Wobei die dt. Soundfiles leider schlecht sind. Nicht die SPrecher sind schlecht, sondern die File-QUalität, hört sich teils an wie eine MP3 mit schlechter Bitrate


Du kannst mehrere Spielstände anlegen, aber da das Spiel an Steam gebunden ist, kannst Du es nicht mit einem anderen Account nutzen. UNd wenn Du grad bei Steam eingeloggt bist, kann sich Dein Bruder wiederum natürlich nicht gleichzeitig einloggen.


----------



## Sturm-ins-Sperrfeuer (15. November 2011)

Vielen Dank Herb, schade, dass mit den sets...

Mein Bruder ist recht jung, darum die soundfiles, habe die englische importierte Version 

Nun gut, das Spiel ist trotzdem fantastisch, vielen Dank ^^



PS. Ich habe ein Video gesehen, auf dem 2 Monde zu sehen waren, habe aber erst einen gesehen. War das ein Mod?


----------



## Herbboy (15. November 2011)

Ein Mod ist kurz für "Modifikation" - da setzen sich idR Fans hin und bringen für das Spiel dann neue Features.

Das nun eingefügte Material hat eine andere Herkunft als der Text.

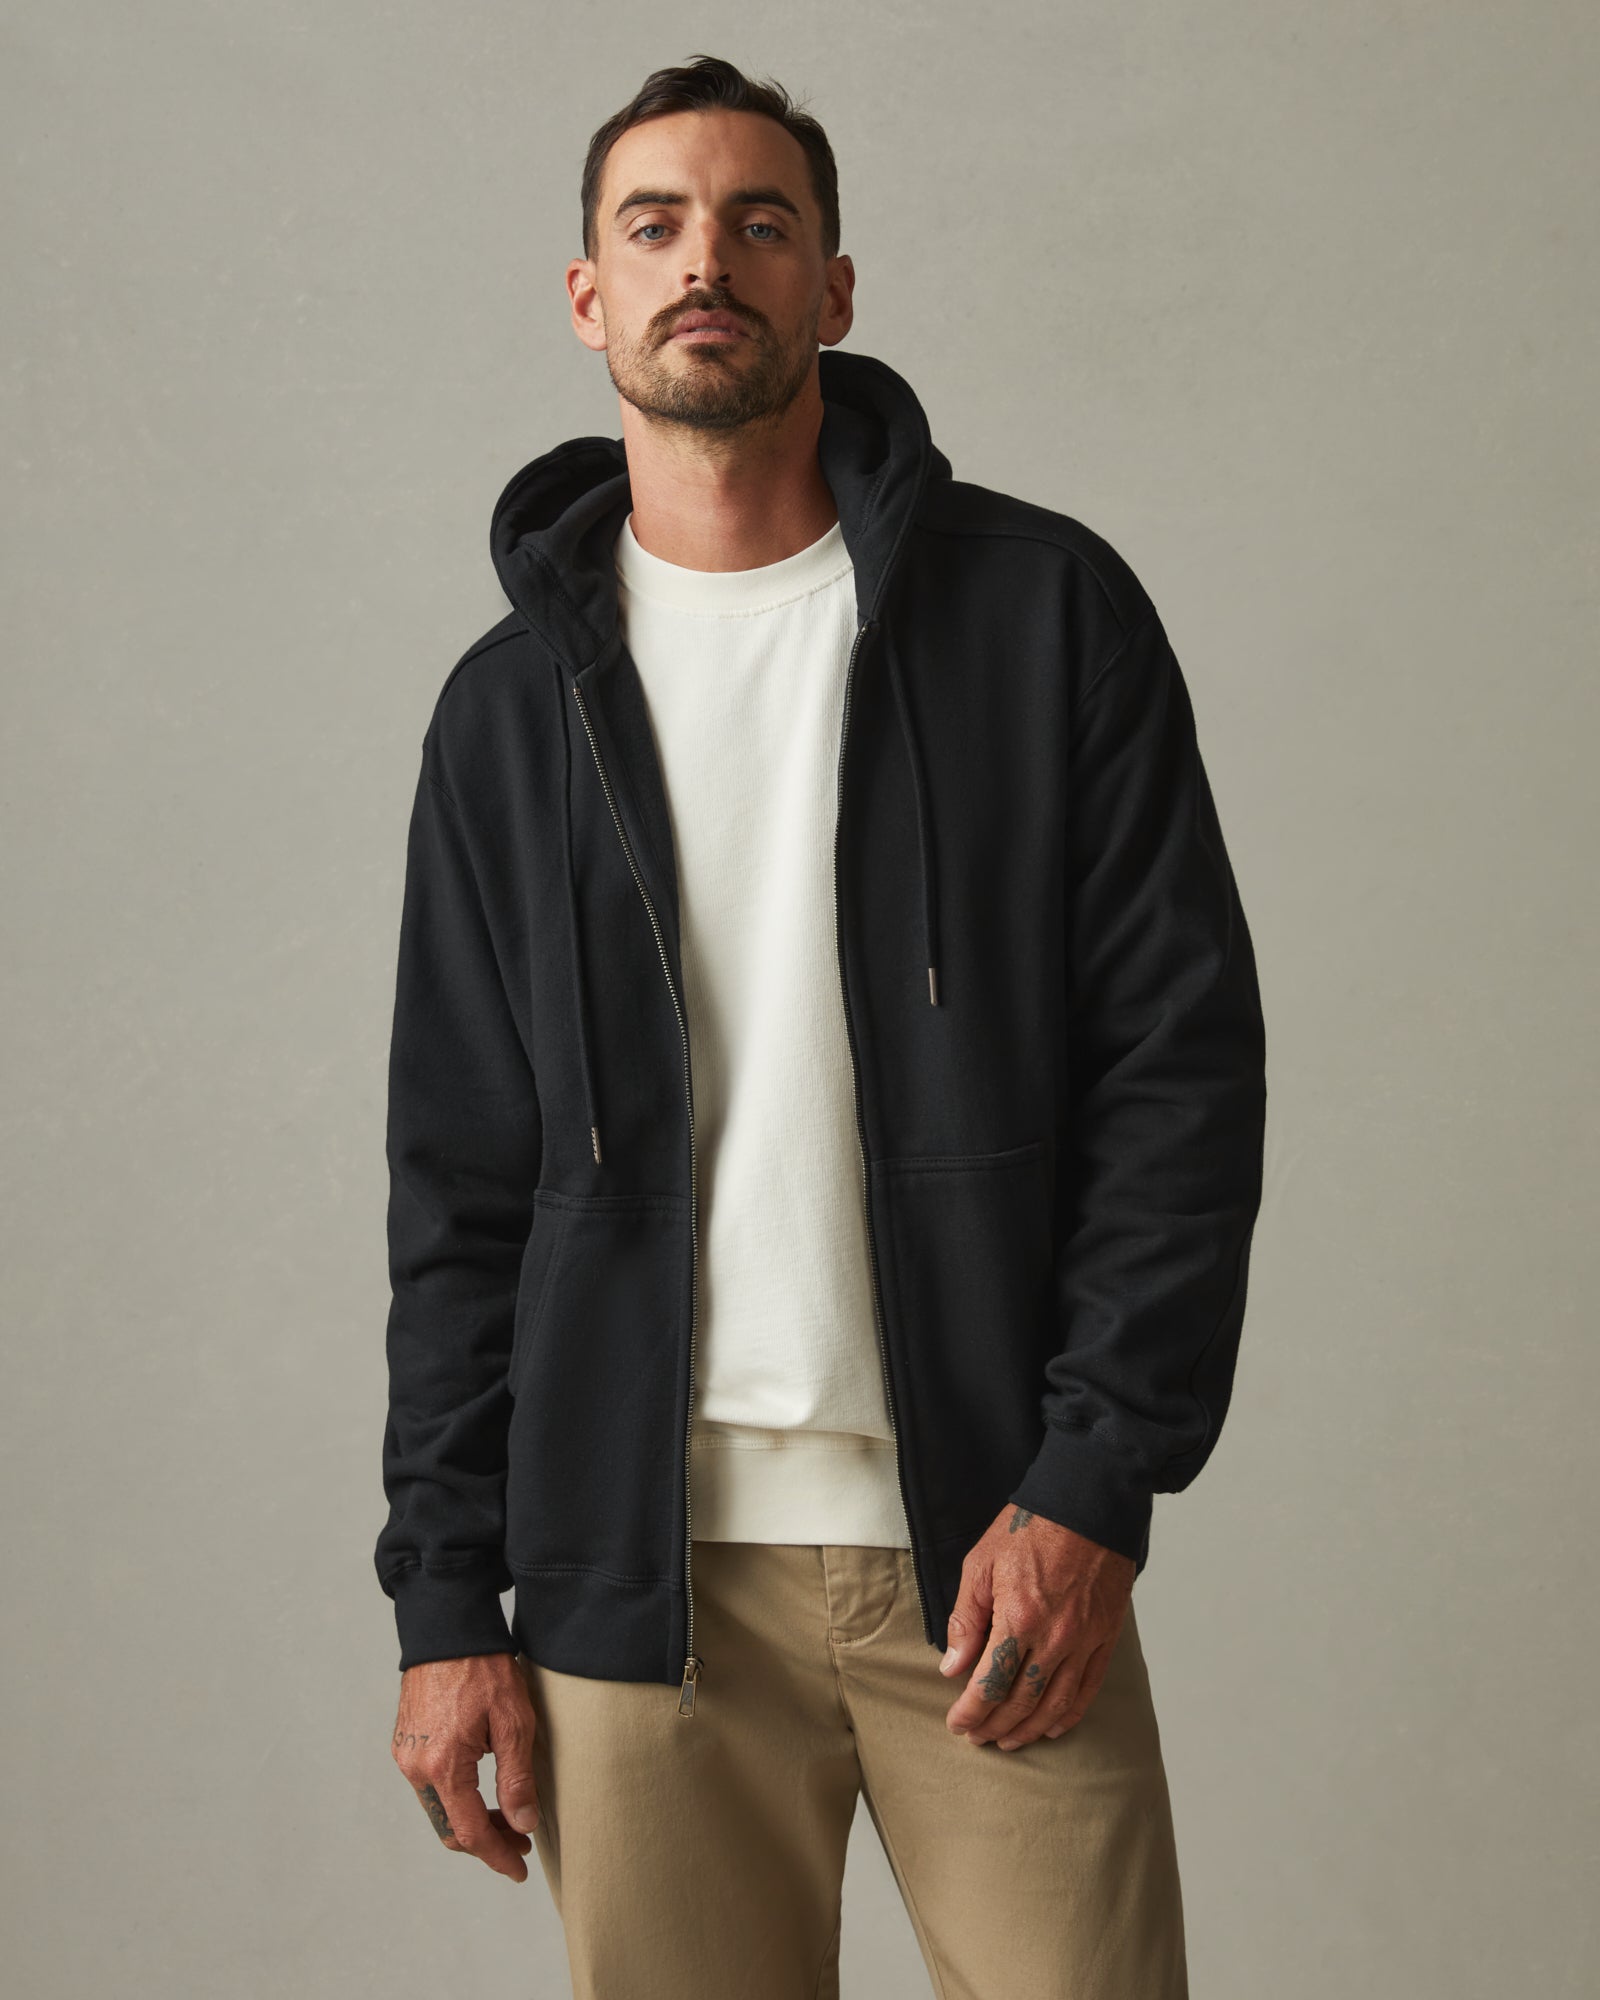 Men Multi Colors Hooded Sweatshirt Men Hoodies Color Black 5X-Large Size

Manche Spiele sind extra dafür vorgesehen, zB eben Skyrim, oder auch damals Oblivion, oder Fallout. zB bessere Grafik, neue Texturen, neue Gegenstände bis hin zu kompletten eigenständig verlaufenden Stories, die vom Hauptspiel nur die Grafikendine und die "Spielregeln" verwenden.


----------



## Neawoulf (16. November 2011)

Zu den Sprachdateien: Wenn du in Steam mit rechter Maustaste das Spiel anklickst, kannst du unter Eigenschaften ---> Sprache die Sprache des Spiels auswählen. Dann müssten eigentlich auch die benötigten Sprachdateien mit runtergeladen werden.

Zu den Savegames: Die Saves werden leider alle im gleichen Ordner gespeichert und automatisch benannt. Einzelne Profile sind meines Wissens nach nicht möglich, am besten speichert ihr manuell und merkt euch die Nummer eures Spielstandes (wenn man die Maus über den Spielstand bewegt werden auch Uhrzeit und Charaktername angezeigt). WICHTIG: Nicht nur die Autosave- und Schnellspeicherfunktion benutzen, sonst überschreibt ihr euch gegenseitig die Spielstände.

Zur Soundqualität: Die schlechte Tonqualität kann ich bei mir nicht bestätigen, die Qualität ist vom Klang her sehr gut, nur sehr leise (selbst, wenn ich alles auf Maximum drehe, dass mir reinkommende E-Mails über Kopfhörer die Ohren wegsprengen). Eventuell hat es mit Treibern zutun, vielleicht wird die Sache auch in einem der nächsten Patches repariert.

Zu den Monden: Es gibt im Spiel zwei Monde, allerdings kreisen die mit unterschiedlicher Geschwindigkeit auf unterschiedlichen Umlaufbahnen um den Planeten, daher sieht man mal tagsüber den einen Mond, mal nachts beide oder auch keinen davon. Das war aber auch schon in Morrowind und Oblivion so, der Sternenhimmel sieht, wenn ich mich richtig erinnere, fast genauso aus wie in den Vorgängern (was ich jedoch in keinem Fall negativ sehe).


----------



## Sturm-ins-Sperrfeuer (16. November 2011)

Neawoulf schrieb:


> Zu den Sprachdateien: Wenn du in Steam mit rechter Maustaste das Spiel anklickst, kannst du unter Eigenschaften ---> Sprache die Sprache des Spiels auswählen. Dann müssten eigentlich auch die benötigten Sprachdateien mit runtergeladen werden.
> 
> Zu den Savegames: Die Saves werden leider alle im gleichen Ordner gespeichert und automatisch benannt. Einzelne Profile sind meines Wissens nach nicht möglich, am besten speichert ihr manuell und merkt euch die Nummer eures Spielstandes (wenn man die Maus über den Spielstand bewegt werden auch Uhrzeit und Charaktername angezeigt). WICHTIG: Nicht nur die Autosave- und Schnellspeicherfunktion benutzen, sonst überschreibt ihr euch gegenseitig die Spielstände.
> 
> ...


 
Hervorragend, hat alles geklappt, vielen Dank *top*


----------